### TASK STATEMENT
In the material below, find all lines with the string "para" and copy them.

### INFORMATION PROVIDED
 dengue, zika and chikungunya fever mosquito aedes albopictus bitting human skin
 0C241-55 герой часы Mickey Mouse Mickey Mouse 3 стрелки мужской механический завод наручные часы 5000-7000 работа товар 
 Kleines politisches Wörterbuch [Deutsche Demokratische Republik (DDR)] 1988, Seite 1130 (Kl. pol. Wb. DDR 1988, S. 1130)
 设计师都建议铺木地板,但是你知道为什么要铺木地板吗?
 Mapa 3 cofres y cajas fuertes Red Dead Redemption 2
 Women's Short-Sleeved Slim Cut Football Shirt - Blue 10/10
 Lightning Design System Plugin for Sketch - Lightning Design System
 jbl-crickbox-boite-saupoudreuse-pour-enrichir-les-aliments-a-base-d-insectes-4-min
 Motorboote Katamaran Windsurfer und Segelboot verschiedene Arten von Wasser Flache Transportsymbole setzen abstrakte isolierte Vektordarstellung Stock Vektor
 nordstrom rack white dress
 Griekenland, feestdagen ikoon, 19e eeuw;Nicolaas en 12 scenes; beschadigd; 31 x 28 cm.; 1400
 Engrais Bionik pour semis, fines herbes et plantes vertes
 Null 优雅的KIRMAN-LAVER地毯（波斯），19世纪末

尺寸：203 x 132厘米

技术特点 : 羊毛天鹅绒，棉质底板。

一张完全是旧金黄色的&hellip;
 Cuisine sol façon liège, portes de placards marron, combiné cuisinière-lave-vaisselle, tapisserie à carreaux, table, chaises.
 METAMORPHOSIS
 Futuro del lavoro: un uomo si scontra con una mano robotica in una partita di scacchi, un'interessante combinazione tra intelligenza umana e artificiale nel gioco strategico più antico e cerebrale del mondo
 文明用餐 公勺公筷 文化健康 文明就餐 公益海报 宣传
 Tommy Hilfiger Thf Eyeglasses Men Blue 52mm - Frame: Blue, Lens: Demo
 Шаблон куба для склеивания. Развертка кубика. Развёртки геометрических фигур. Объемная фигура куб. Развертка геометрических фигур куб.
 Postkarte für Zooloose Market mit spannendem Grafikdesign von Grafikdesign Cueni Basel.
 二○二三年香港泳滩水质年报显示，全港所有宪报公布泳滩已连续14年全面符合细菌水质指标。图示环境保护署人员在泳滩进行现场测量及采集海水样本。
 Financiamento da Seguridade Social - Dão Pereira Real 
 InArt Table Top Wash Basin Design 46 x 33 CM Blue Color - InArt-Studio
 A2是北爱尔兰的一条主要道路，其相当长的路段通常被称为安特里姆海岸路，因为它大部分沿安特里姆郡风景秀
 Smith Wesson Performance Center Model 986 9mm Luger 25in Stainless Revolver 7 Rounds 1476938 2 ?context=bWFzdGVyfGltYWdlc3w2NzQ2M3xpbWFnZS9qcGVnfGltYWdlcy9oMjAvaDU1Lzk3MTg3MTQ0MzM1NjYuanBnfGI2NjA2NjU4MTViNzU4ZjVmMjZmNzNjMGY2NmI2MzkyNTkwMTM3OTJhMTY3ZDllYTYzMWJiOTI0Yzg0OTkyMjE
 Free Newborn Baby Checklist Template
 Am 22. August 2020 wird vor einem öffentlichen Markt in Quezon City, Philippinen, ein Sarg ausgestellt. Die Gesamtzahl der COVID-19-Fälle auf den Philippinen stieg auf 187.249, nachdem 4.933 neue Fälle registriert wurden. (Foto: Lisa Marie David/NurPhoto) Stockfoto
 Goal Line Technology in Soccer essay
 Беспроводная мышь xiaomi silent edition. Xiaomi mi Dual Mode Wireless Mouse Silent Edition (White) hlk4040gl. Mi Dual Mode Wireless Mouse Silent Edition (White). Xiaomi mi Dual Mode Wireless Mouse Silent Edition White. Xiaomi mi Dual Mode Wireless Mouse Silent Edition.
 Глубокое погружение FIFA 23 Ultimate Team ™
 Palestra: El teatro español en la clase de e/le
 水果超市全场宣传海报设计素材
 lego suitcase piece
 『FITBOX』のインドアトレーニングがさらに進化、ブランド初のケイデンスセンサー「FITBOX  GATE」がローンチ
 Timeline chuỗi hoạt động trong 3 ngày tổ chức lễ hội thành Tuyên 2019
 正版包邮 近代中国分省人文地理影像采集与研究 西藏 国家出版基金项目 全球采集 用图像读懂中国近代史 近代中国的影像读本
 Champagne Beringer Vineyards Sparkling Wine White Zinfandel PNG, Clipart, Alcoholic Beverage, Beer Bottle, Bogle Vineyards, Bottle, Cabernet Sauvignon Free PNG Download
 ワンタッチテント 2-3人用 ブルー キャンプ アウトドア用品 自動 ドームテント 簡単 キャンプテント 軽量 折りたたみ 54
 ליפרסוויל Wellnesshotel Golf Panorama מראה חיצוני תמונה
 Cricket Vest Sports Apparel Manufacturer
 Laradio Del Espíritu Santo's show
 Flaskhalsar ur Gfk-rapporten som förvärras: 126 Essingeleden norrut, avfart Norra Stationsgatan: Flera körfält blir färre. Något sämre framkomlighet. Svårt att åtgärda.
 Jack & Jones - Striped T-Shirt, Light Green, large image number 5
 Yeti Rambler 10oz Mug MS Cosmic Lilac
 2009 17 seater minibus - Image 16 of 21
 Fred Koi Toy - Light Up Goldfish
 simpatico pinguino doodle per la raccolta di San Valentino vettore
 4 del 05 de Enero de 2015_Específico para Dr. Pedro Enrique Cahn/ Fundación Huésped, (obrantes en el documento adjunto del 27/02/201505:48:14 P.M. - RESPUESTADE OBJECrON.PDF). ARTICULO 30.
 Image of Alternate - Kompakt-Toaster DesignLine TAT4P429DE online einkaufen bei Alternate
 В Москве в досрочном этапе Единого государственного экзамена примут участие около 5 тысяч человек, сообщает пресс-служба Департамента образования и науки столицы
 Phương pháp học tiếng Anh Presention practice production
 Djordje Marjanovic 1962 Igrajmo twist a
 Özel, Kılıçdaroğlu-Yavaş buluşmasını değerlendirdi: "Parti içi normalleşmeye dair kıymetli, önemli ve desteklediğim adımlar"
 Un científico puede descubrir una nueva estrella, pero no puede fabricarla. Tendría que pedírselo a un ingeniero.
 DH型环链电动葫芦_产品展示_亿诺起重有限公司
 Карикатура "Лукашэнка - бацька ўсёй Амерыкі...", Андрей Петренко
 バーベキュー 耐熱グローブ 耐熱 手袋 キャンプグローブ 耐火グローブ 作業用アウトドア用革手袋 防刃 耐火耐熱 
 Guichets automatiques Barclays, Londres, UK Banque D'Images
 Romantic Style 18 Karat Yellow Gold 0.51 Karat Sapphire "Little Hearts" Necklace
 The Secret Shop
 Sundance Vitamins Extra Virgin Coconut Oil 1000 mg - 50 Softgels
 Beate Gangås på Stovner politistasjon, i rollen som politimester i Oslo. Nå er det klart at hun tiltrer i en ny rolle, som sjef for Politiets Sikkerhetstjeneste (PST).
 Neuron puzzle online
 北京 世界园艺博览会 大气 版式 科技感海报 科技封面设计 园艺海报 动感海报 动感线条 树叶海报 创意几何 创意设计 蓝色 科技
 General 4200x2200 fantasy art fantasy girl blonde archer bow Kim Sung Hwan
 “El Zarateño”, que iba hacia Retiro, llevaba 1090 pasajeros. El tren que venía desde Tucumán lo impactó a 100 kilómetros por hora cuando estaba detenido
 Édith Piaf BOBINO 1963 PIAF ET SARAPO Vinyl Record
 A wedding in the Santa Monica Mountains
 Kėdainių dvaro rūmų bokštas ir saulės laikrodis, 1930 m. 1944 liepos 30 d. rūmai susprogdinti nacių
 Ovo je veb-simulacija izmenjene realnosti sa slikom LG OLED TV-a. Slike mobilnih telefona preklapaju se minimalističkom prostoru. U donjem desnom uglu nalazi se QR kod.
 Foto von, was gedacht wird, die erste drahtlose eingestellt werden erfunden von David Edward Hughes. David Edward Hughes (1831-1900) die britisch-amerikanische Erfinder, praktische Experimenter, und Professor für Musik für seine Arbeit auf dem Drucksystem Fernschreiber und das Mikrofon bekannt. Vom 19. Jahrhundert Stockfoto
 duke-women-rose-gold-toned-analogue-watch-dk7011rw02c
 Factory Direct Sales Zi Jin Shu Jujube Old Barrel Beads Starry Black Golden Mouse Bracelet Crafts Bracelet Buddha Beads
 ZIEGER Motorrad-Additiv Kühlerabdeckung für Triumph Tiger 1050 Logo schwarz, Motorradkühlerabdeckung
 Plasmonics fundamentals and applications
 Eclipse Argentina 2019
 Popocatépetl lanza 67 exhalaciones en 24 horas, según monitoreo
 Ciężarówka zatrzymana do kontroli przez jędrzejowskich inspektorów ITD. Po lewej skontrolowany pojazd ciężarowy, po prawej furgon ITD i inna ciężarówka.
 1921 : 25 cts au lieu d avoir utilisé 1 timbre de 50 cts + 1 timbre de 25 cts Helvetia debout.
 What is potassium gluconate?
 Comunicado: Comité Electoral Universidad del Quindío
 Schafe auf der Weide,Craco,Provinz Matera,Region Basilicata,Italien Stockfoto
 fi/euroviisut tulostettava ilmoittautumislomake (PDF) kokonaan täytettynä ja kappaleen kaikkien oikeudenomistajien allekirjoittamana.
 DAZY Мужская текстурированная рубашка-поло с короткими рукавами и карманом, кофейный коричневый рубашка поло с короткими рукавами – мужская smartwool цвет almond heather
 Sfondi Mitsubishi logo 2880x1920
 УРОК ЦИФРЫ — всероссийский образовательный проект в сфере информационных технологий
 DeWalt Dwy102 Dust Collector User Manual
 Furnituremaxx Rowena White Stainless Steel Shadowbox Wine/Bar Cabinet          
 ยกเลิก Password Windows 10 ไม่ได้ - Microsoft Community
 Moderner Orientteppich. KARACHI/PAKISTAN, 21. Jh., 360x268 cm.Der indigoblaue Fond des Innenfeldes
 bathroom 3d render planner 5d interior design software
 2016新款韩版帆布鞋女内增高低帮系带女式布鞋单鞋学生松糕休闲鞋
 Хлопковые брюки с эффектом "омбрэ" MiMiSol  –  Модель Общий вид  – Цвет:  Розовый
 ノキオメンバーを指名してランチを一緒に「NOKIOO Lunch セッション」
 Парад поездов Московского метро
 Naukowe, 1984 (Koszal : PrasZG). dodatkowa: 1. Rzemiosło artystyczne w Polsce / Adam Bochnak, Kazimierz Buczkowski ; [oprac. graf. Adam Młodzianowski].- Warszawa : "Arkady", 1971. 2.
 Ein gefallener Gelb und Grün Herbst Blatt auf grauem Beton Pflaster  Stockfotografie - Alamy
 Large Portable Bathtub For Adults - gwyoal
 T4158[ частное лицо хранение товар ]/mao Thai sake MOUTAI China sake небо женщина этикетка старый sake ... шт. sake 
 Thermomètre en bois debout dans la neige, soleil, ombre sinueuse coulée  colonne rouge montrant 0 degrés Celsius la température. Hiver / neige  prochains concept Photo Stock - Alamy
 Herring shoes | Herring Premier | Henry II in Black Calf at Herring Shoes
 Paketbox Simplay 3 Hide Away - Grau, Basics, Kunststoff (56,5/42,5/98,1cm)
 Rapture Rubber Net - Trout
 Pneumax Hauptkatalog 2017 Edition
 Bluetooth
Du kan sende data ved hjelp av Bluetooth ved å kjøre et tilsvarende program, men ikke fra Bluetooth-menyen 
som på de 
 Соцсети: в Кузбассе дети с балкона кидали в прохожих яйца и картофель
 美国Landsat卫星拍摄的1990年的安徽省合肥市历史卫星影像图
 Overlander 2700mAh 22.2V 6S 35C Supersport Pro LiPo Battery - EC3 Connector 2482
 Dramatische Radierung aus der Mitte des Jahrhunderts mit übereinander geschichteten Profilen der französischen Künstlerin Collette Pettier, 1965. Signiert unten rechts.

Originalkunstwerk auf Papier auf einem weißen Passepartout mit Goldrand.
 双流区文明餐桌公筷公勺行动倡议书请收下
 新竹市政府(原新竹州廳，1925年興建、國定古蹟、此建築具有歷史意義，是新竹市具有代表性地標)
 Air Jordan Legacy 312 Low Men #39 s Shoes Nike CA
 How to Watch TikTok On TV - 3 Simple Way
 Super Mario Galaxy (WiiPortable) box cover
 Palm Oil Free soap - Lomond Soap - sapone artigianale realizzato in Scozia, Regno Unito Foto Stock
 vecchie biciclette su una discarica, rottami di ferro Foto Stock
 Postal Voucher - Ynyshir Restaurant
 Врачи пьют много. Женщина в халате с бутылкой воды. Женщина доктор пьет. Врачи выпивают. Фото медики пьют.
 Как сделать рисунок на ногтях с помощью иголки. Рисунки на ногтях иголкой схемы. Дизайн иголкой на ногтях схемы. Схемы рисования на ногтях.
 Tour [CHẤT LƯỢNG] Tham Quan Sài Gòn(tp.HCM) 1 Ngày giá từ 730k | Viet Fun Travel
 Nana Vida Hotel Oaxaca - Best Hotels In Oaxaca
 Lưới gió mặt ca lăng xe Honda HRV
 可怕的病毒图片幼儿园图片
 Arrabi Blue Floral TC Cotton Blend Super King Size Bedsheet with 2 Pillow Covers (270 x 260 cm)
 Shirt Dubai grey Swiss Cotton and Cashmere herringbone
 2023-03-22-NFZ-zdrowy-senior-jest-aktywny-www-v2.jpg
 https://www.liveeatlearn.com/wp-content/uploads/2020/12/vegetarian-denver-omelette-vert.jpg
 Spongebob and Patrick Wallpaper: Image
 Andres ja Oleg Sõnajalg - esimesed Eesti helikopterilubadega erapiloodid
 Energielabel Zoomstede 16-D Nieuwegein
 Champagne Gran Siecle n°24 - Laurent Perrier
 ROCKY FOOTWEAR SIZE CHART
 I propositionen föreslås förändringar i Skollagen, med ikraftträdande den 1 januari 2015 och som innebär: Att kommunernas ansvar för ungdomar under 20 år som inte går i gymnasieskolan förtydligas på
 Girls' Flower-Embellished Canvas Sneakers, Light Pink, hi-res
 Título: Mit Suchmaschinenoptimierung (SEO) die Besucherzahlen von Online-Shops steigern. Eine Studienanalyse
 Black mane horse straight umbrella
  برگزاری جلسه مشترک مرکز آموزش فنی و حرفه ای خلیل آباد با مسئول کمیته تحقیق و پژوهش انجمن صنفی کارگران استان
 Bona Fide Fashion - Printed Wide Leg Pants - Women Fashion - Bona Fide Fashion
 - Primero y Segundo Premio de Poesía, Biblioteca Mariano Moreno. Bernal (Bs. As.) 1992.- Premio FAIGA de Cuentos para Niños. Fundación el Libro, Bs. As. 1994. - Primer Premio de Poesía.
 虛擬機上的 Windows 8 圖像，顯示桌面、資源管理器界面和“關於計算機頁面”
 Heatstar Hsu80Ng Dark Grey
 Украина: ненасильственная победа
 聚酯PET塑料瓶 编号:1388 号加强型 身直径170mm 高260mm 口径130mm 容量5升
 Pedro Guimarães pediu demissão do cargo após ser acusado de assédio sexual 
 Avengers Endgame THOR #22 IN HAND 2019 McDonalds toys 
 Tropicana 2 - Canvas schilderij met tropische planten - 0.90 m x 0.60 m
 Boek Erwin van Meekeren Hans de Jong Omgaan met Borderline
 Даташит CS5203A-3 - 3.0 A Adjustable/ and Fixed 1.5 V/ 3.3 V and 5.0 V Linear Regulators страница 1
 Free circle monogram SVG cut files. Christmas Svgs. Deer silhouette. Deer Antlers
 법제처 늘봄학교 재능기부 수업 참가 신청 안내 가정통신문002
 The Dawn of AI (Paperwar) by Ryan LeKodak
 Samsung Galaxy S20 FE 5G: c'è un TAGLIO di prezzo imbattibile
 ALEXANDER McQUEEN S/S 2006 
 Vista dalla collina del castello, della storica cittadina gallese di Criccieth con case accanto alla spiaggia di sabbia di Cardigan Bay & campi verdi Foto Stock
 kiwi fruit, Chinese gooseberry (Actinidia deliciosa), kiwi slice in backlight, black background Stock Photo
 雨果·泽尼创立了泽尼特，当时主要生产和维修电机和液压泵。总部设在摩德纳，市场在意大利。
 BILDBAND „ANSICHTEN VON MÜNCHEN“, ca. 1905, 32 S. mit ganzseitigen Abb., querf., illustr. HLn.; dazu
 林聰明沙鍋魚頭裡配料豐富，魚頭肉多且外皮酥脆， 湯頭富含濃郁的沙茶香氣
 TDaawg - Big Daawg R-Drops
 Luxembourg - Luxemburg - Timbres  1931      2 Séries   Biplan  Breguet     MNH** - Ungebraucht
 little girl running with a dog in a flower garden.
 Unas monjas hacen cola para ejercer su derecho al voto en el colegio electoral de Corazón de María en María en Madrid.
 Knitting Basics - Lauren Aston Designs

### EXERCISE RESULT
 4 del 05 de Enero de 2015_Específico para Dr. Pedro Enrique Cahn/ Fundación Huésped, (obrantes en el documento adjunto del 27/02/201505:48:14 P.M. - RESPUESTADE OBJECrON.PDF). ARTICULO 30.
 - Primero y Segundo Premio de Poesía, Biblioteca Mariano Moreno. Bernal (Bs. As.) 1992.- Premio FAIGA de Cuentos para Niños. Fundación el Libro, Bs. As. 1994. - Primer Premio de Poesía.
 Unas monjas hacen cola para ejercer su derecho al voto en el colegio electoral de Corazón de María en María en Madrid.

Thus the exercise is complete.